La palabra podría ser “insustancial”. Pero sonaría despectivo, porque la constante de la obra de Sofía Coppola hasta aquí es, justamente, pensar qué es “insustancial”, qué es lo que nos fascina de los brillos fugaces de la fama y sus vestimentas. Salvo en su opera prima, la excelente “Las vírgenes suicidas”, en todas sus películas la idea de ser parte de una elite y vivir en o por ella aparece como una reflexión.
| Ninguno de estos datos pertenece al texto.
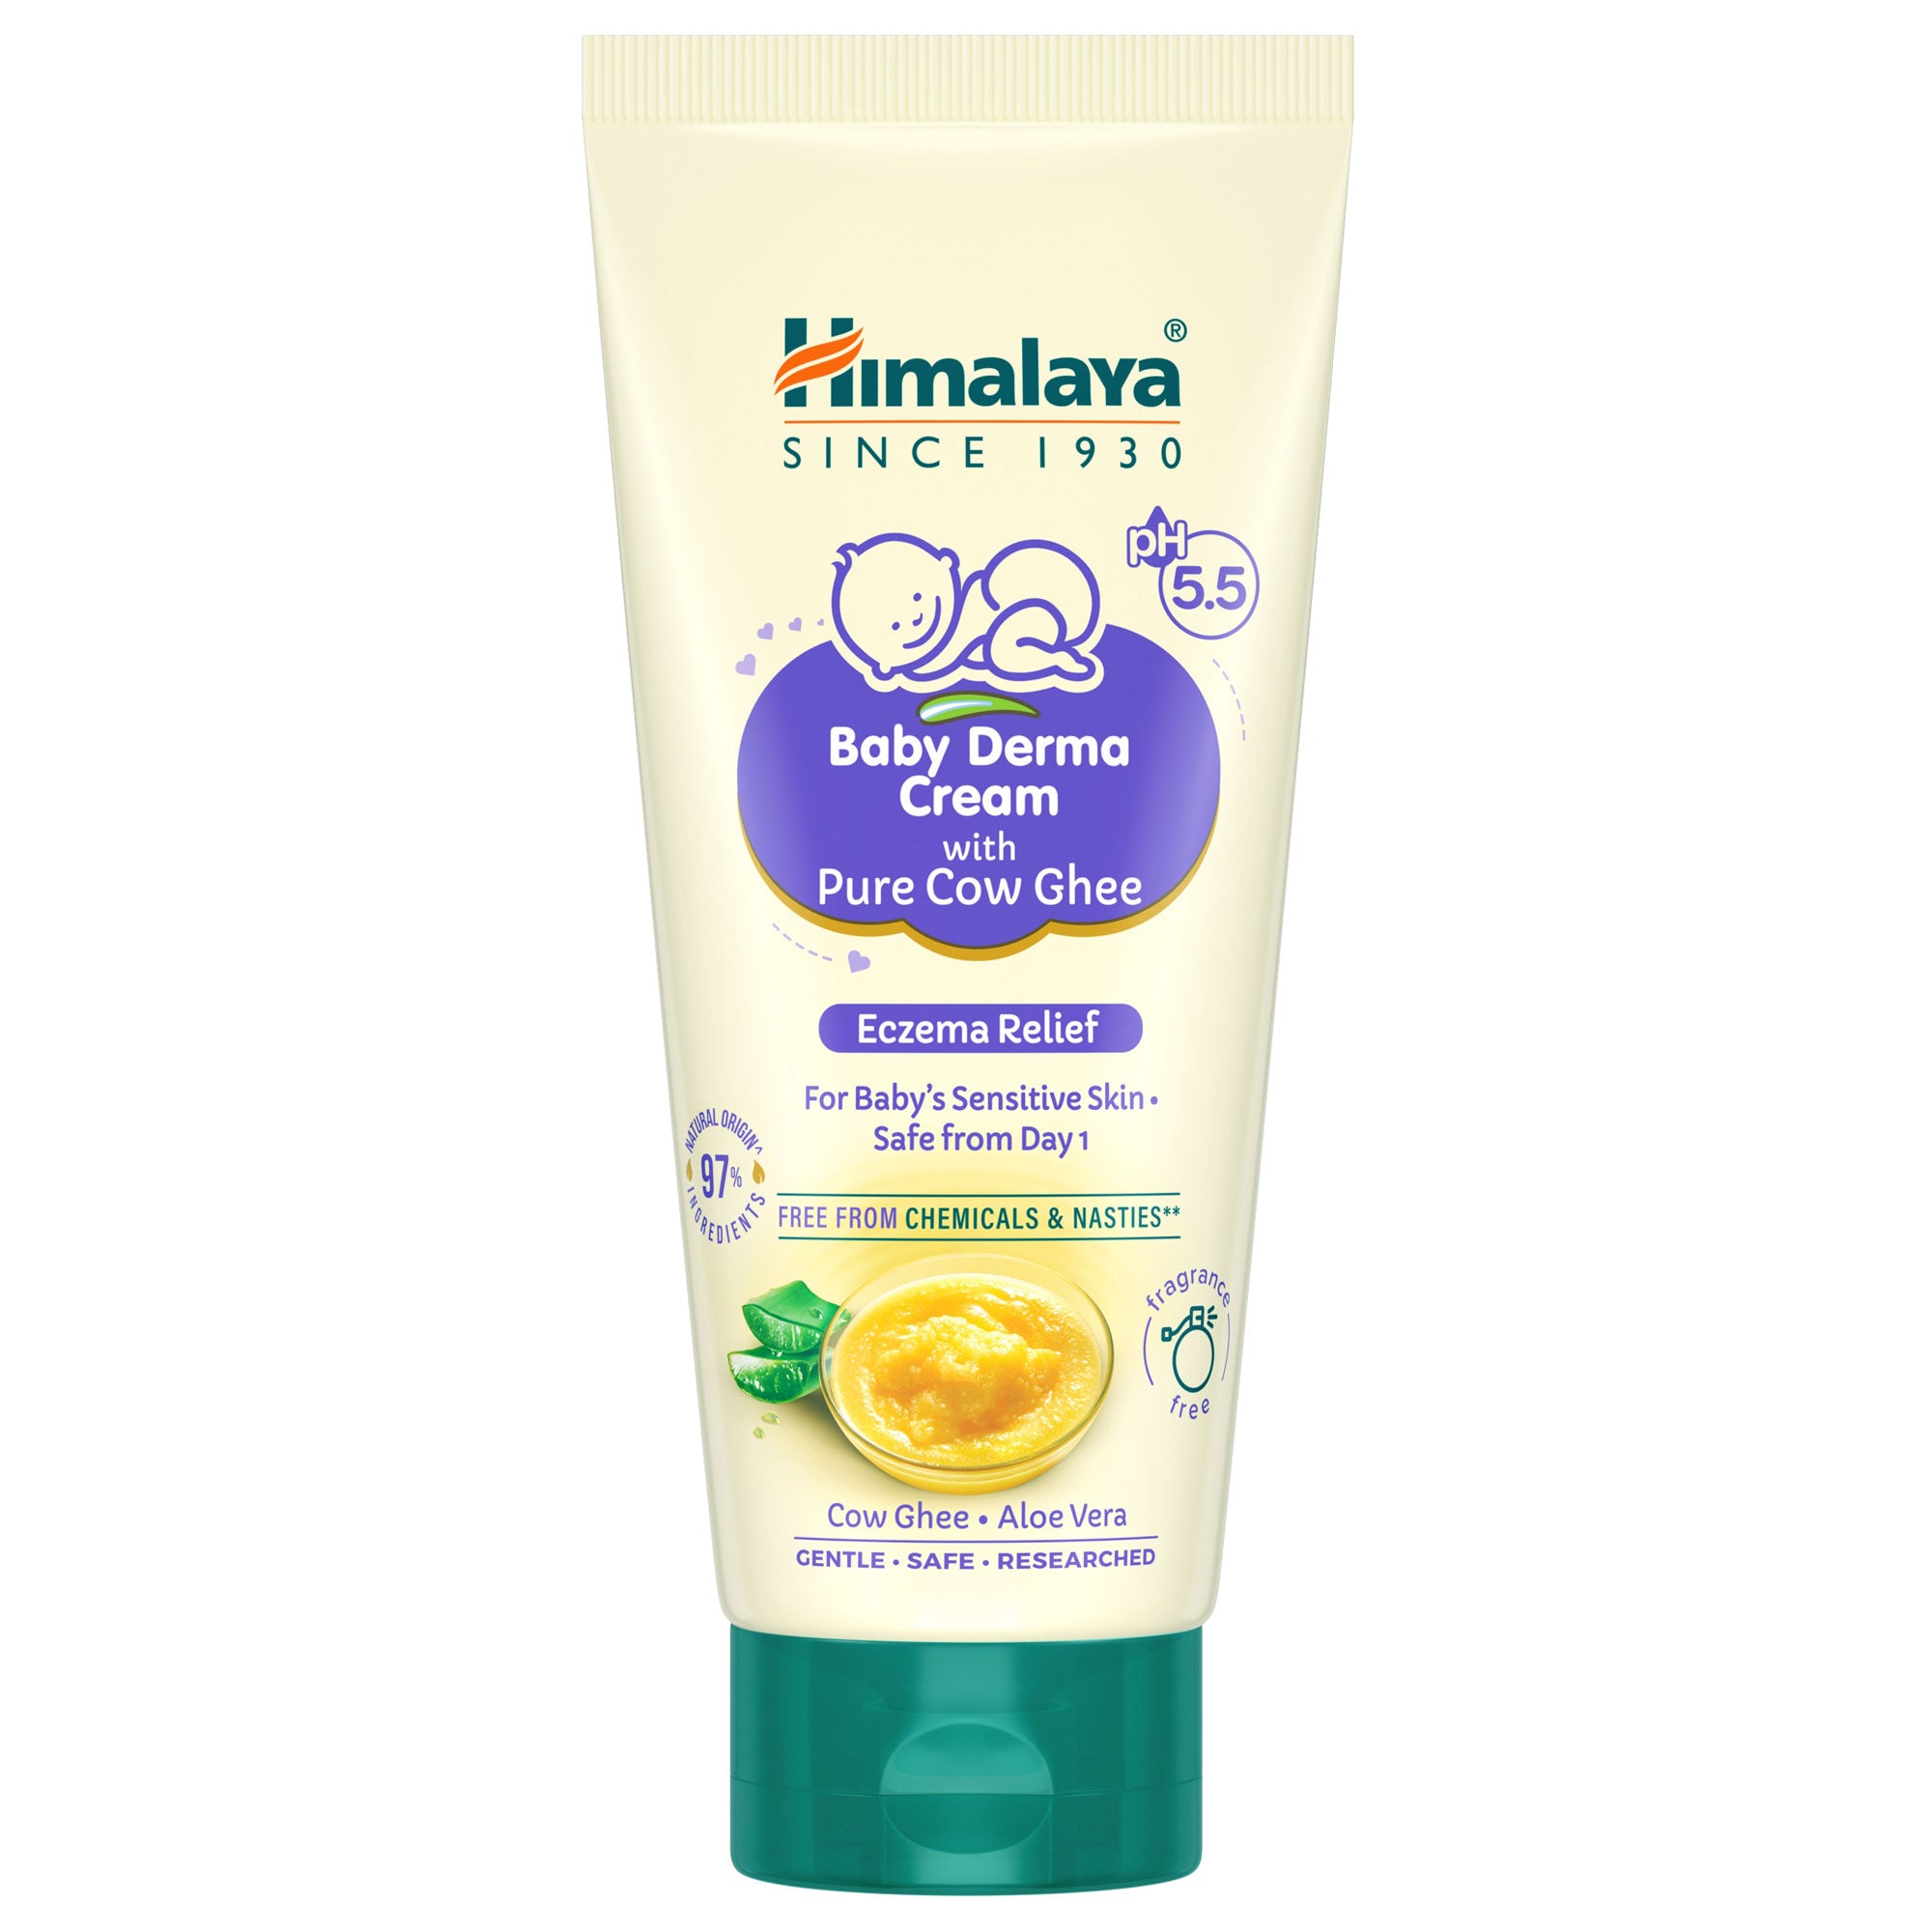 Himalaya Baby Derma Cream with Pure Cow Ghee 50g Tube Front

“Amo la fama” es la historia de una banda de adolescentes que robó casas de estrellas y famosos, más fascinados por penetrar ese universo glamoroso que por el dinero en sí mismo. Que el film, elegante y sincero, se base en una noticia real no es lo de menos: el estilo de cuento de hadas moderno que Coppola imprime en todas sus ficciones y que es, en cierto punto, perturbador –en cuanto comprendemos los deseos demasiado humanos de sus protagonistas, demasiado “insustanciales”– choca contra la conciencia de que tales personas existen en el mundo detrás de la pantalla.
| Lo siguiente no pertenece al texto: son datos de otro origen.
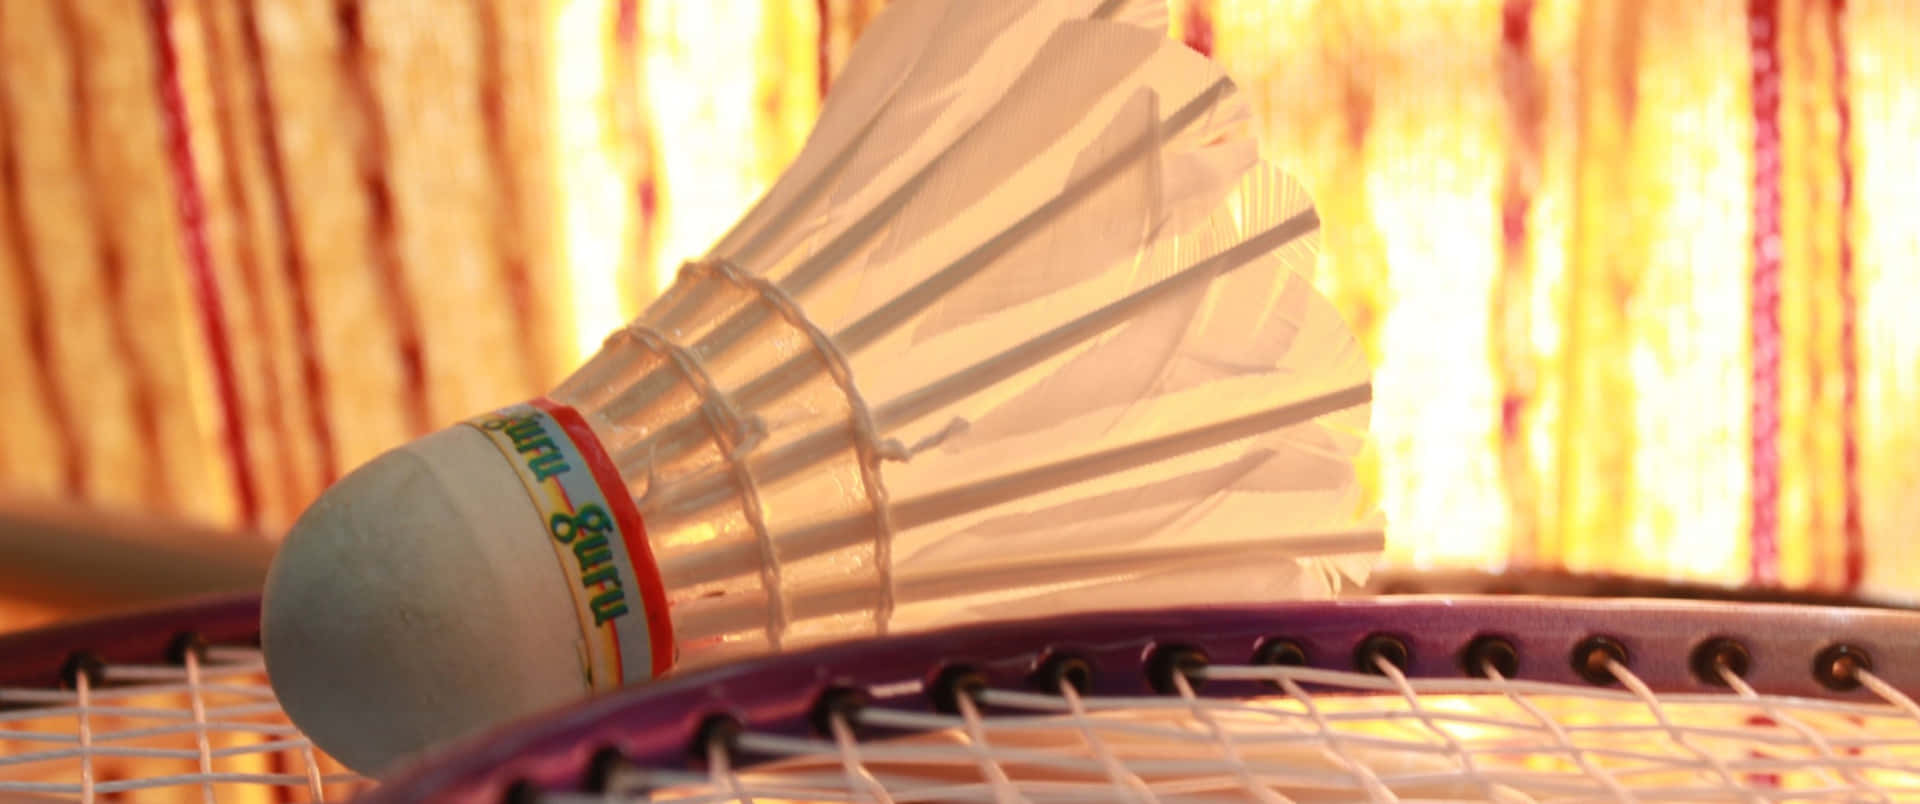 Take your badminton skills to the next level with this 3440x1440p badminton background!

El problema siempre en el cine de esta directora es el regodeo en la espontaneidad de algunos gestos, en la deriva circunstancial. No es que esté “mal” en sí, sino que diluye la potencia dramática o la precisión de la mirada y transforma la película en un caramelo pop de consumo inmediato. Al mismo tiempo, su mayor virtud y su mayor defecto. Incluso así, es un film para mirar con atención, de una realizadora que tiene una voz propia. No es poco.